22 associações portuguesas que representam milhares de afro-descendentes enviaram uma carta ao Comité das Nações Unidas para a Eliminação da Discriminação Racial a criticar o Estado por não reconhecer que são precisas políticas específicas para estas comunidades e não ter um "diálogo verdadeiro" com as entidades que lideram o combate ao racismo e à exclusão no terreno.
A carta de duas páginas, enviada esta segunda-feira, inclui uma análise em números das desigualdades raciais em Portugal que justificam a necessidade de existirem políticas direccionadas para estes grupos.
Assinado por associações como a SOS Racismo, Plataforma Gueto, Afrolis, Djass, Associação Caboverdeana de Lisboa, Griot e Femafro, o documento surge depois de uma delegação portuguesa, integrada por representantes de entidades do Estado, ter sido ouvida na semana passada, em Genebra, pelo Comité das Nações Unidas para a Eliminação da Discriminação Racial. O desempenho de Portugal quanto à discriminação racial está a ser avaliado pelo comité e os resultados serão anunciados a 9 de Dezembro.
Na última avaliação a Portugal, publicada em 2012, aquele comité deixou algumas recomendações a Portugal, entre elas a de que devia criar medidas especiais para grupos vulneráveis, incluindo afro-descendentes. A resposta de Portugal, reiterada no mais recente relatório, foi a de que o país tem uma abordagem “integrada/holística para combater a discriminação racial, baseada na sua crença profunda de que o fenómeno do racismo é um fenómeno global”.

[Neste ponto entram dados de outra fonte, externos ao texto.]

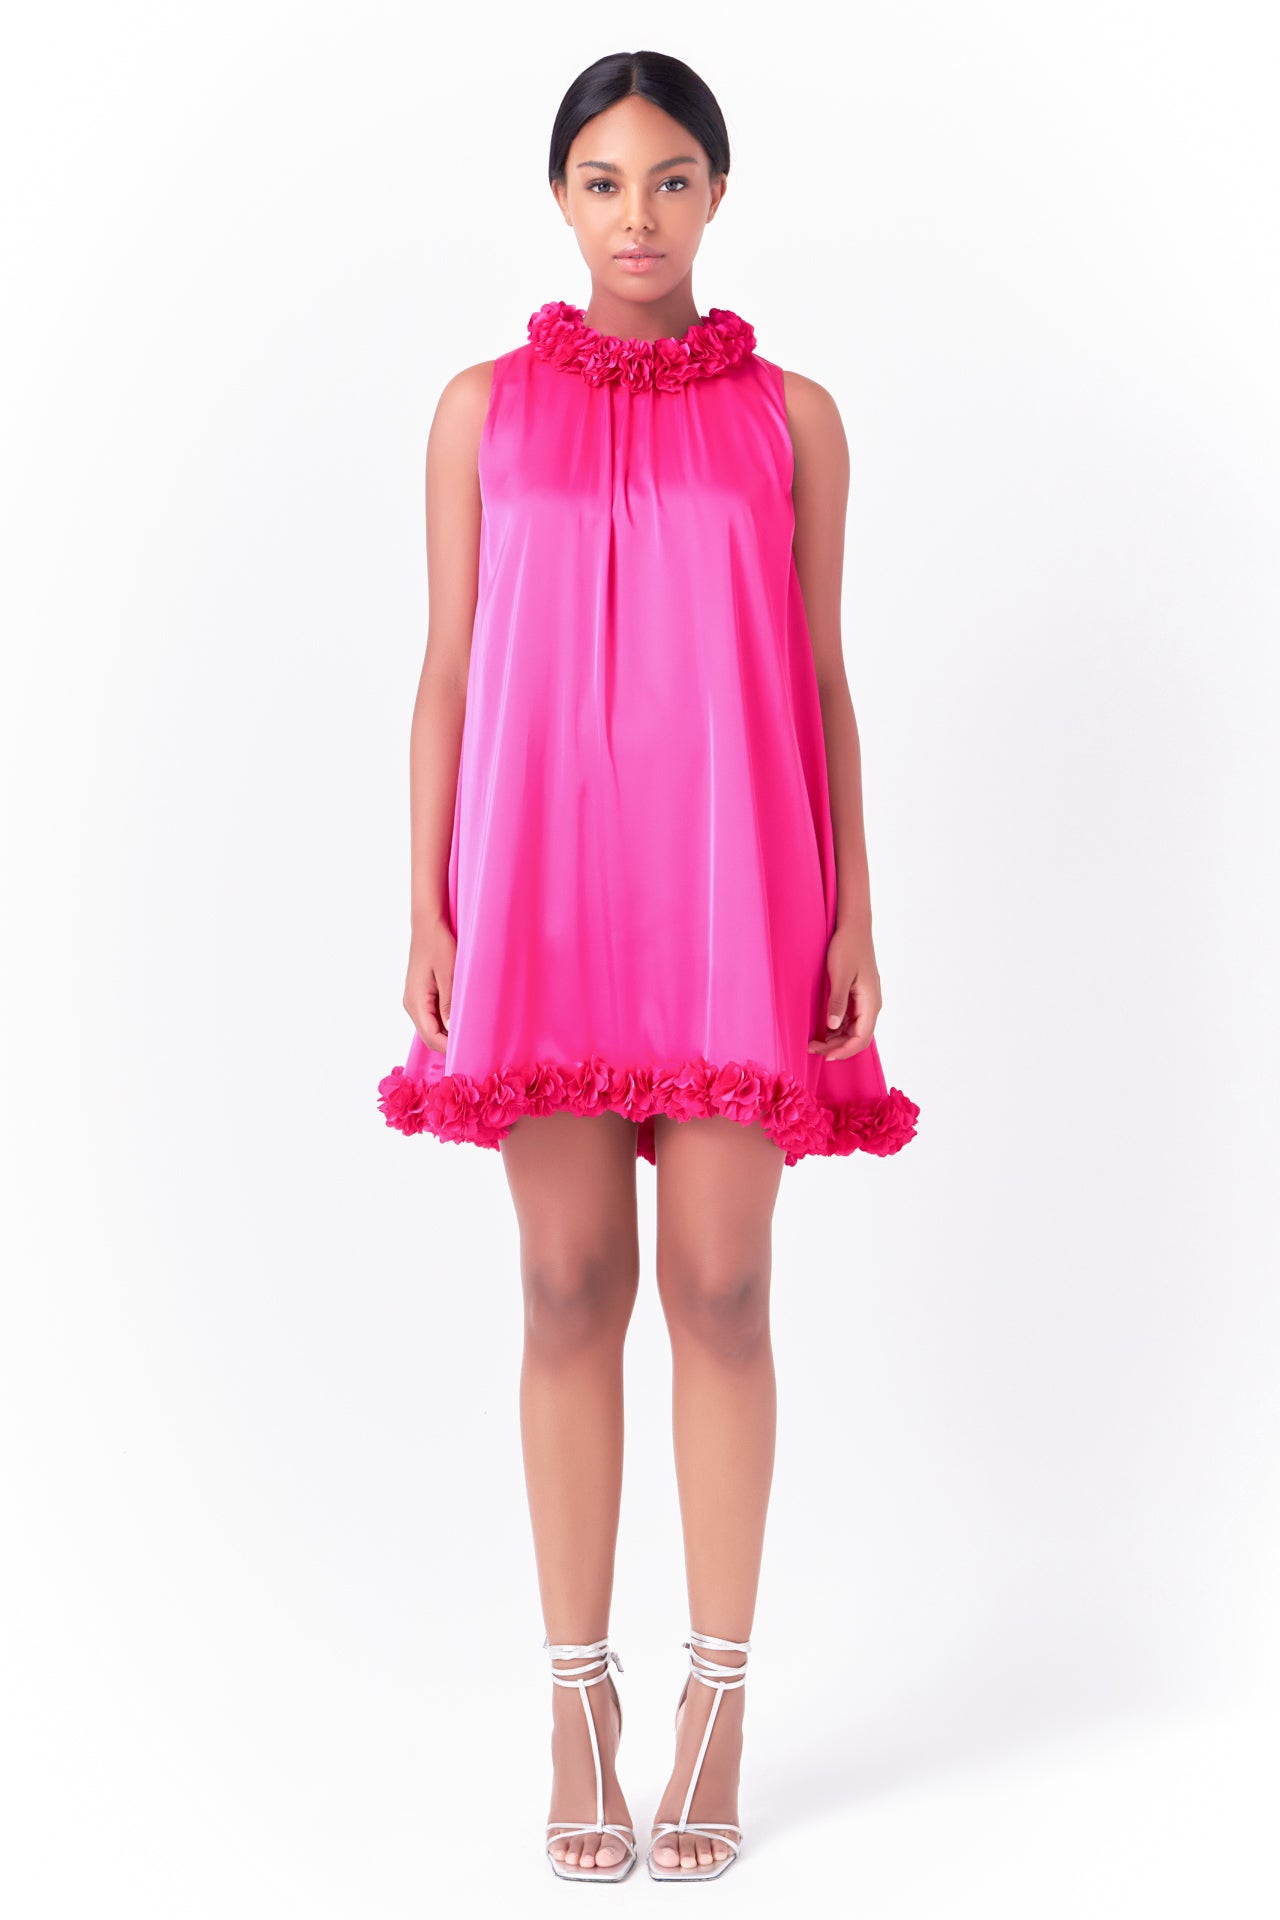 Rosette Mini Dress

É esta abordagem do Estado que é criticada pelas associações, que sublinham que ela até contraria os pressupostos da Década Internacional dos Afro-descendentes (2015-2024), declarada pela Organização das Nações Unidas (ONU), fazendo assim “um silenciamento político do racismo”. “Sem reconhecimento é impossível uma estratégia de desenvolvimento e de superação dos problemas, é impossível que haja justiça”, lê-se no documento.

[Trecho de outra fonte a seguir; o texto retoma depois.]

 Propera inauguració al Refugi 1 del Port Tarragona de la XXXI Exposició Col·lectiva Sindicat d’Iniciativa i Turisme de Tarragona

“Quisemos manifestar a nossa indignação face ao que veio a público”, diz Ana Fernandes, da associação activista Plataforma Gueto, que esteve na origem da elaboração desta carta numa reunião recente na qual participaram 18 pessoas. “Com esta iniciativa procuramos ser ouvidos”, referiu ainda Carla Fernandes, da Afrolis, outra das participantes nesse encontro. Em causa está, acrescentou, o “direito à representatividade”.
Convenção de 1982'
Portugal ratificou a Convenção Internacional sobre a Eliminação de Todas as Formas de Discriminação Racial em 1982. Periodicamente, os países submetem relatórios para a apreciação dos peritos independentes que fazem parte do comité da ONU. O relatório português que foi entregue em Genebra foi redigido pela Comissão Nacional para os Direitos Humanos, sob supervisão do Ministério dos Negócios Estrangeiros. Baseia-se em informação dada pelo Alto Comissariado para as Migrações (ACM), os Ministérios dos Negócios Estrangeiros, da Administração Interna, do Ambiente, da Saúde, da Educação, da Ciência, do Trabalho, Solidariedade e Segurança Social, da Justiça, da Secretaria de Estado para a Cidadania e Igualdade. A delegação portuguesa com representantes destas entidades foi composta por 24 pessoas. Os resultados da avaliação serão anunciados a 9 de Dezembro.